> [Task]
Because the images are not wanted, restate every line below word for word without them.

━━━━━ Recorded data ━━━━━

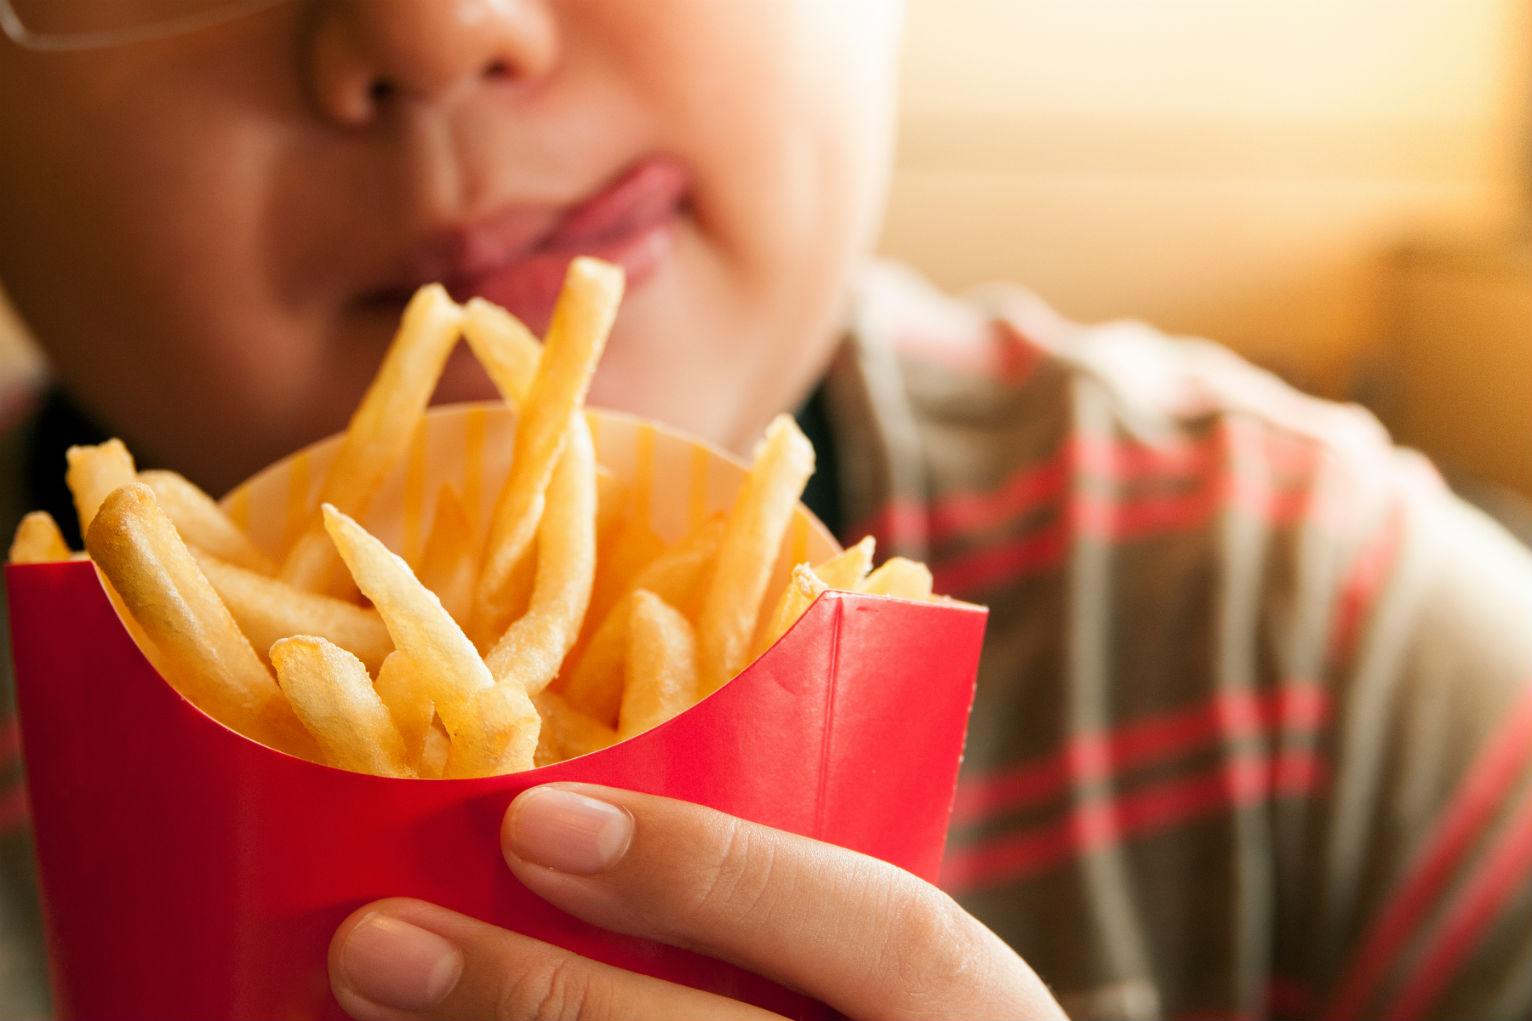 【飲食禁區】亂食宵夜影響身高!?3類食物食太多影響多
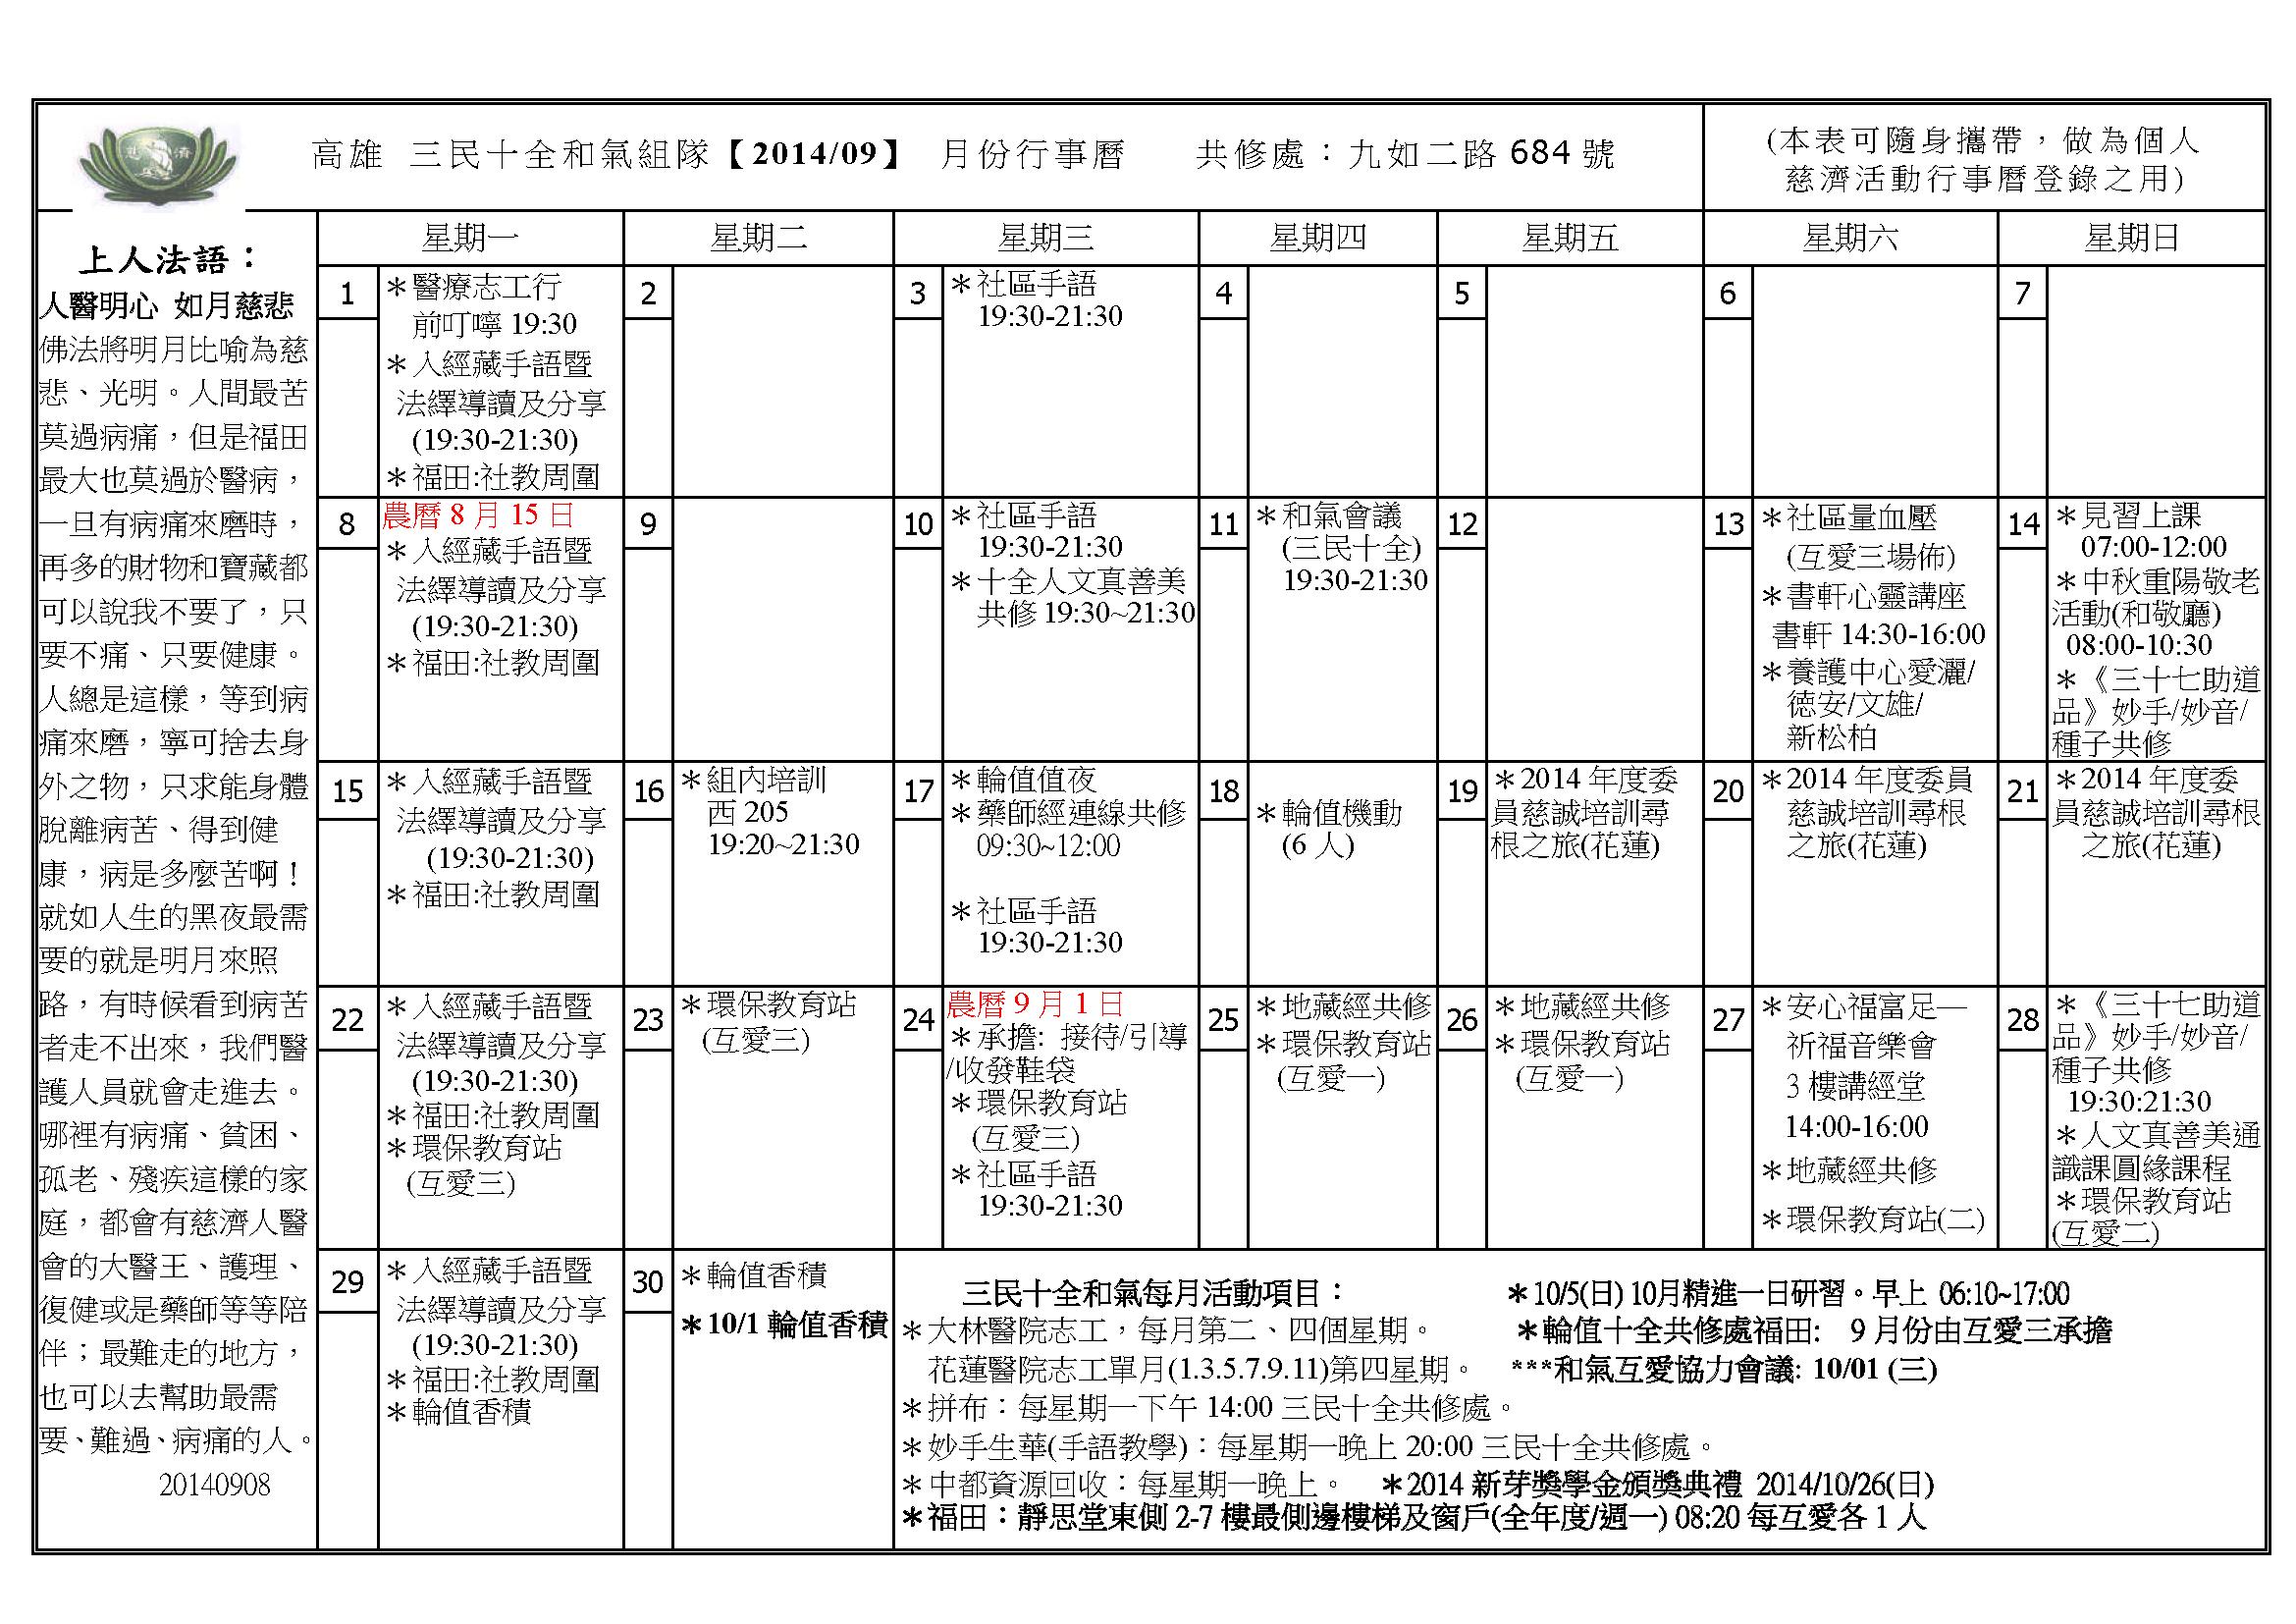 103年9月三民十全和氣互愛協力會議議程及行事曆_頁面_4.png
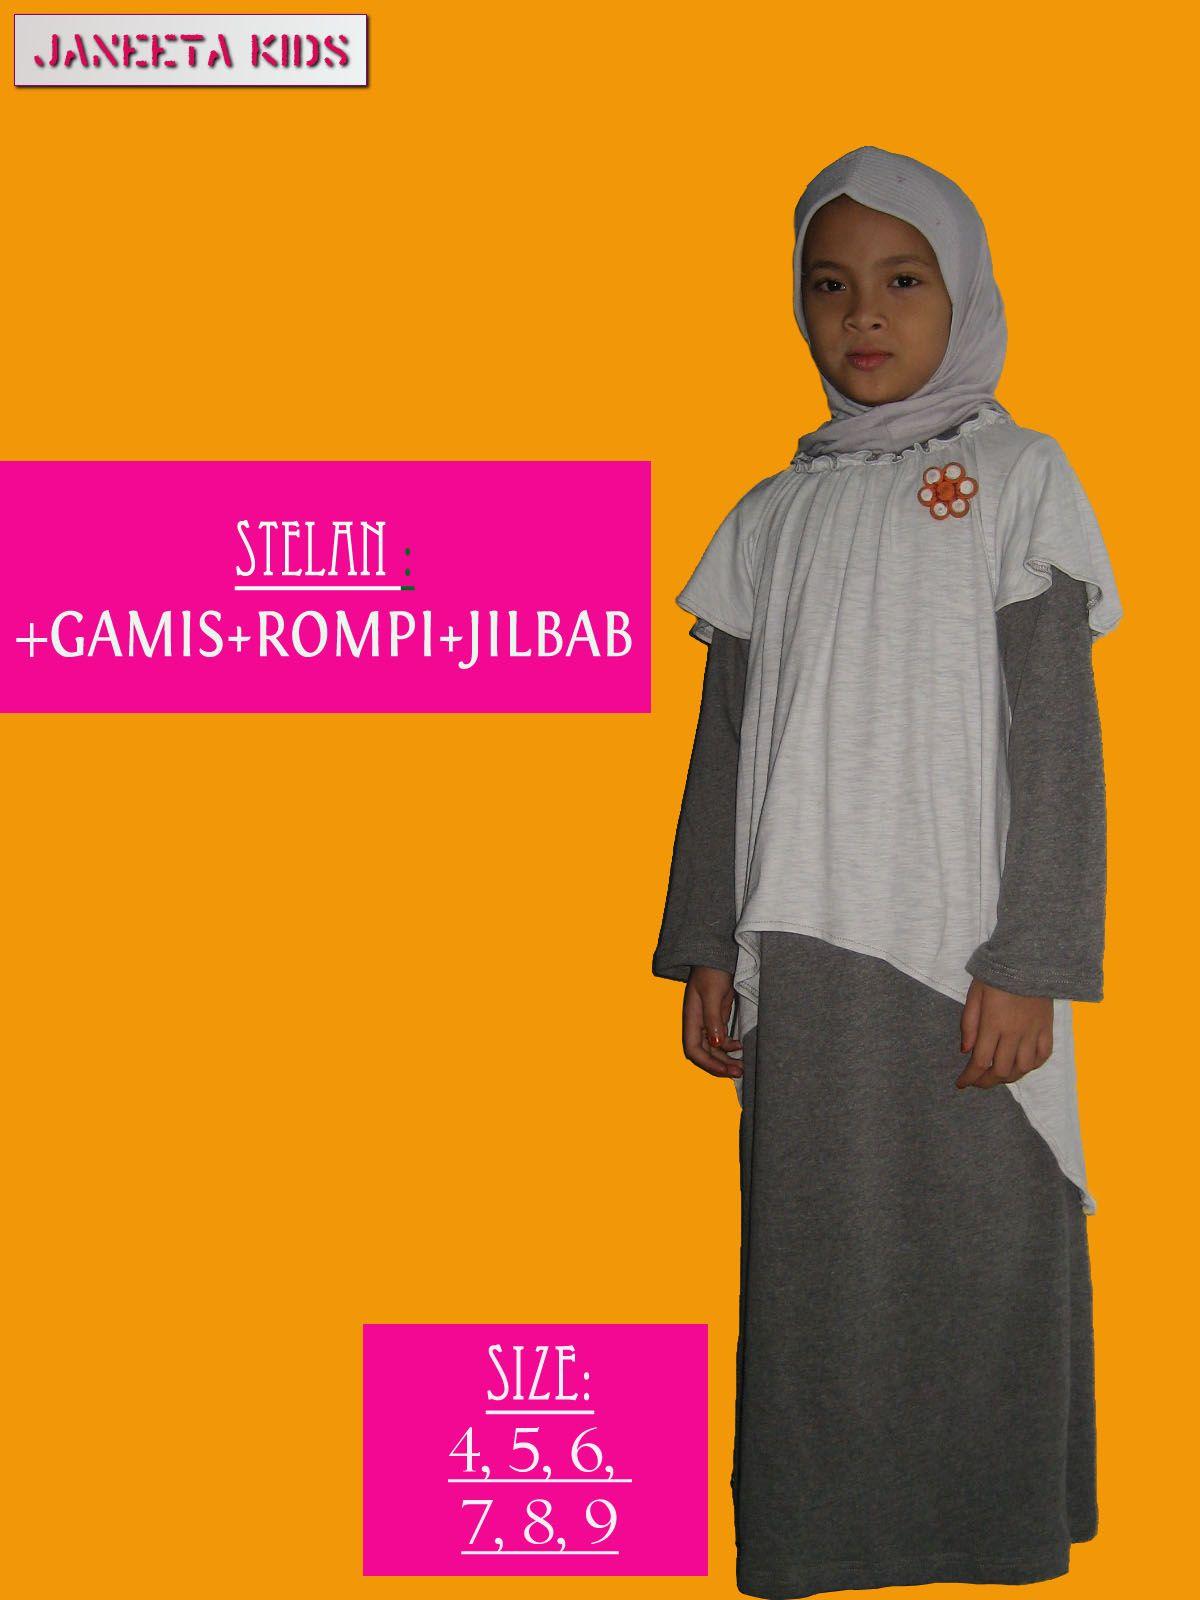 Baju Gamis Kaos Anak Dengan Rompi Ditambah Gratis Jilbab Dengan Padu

━━━━━

> [Finished exercise]
 【飲食禁區】亂食宵夜影響身高!?3類食物食太多影響多
 103年9月三民十全和氣互愛協力會議議程及行事曆_頁面_4.png
 Baju Gamis Kaos Anak Dengan Rompi Ditambah Gratis Jilbab Dengan Padu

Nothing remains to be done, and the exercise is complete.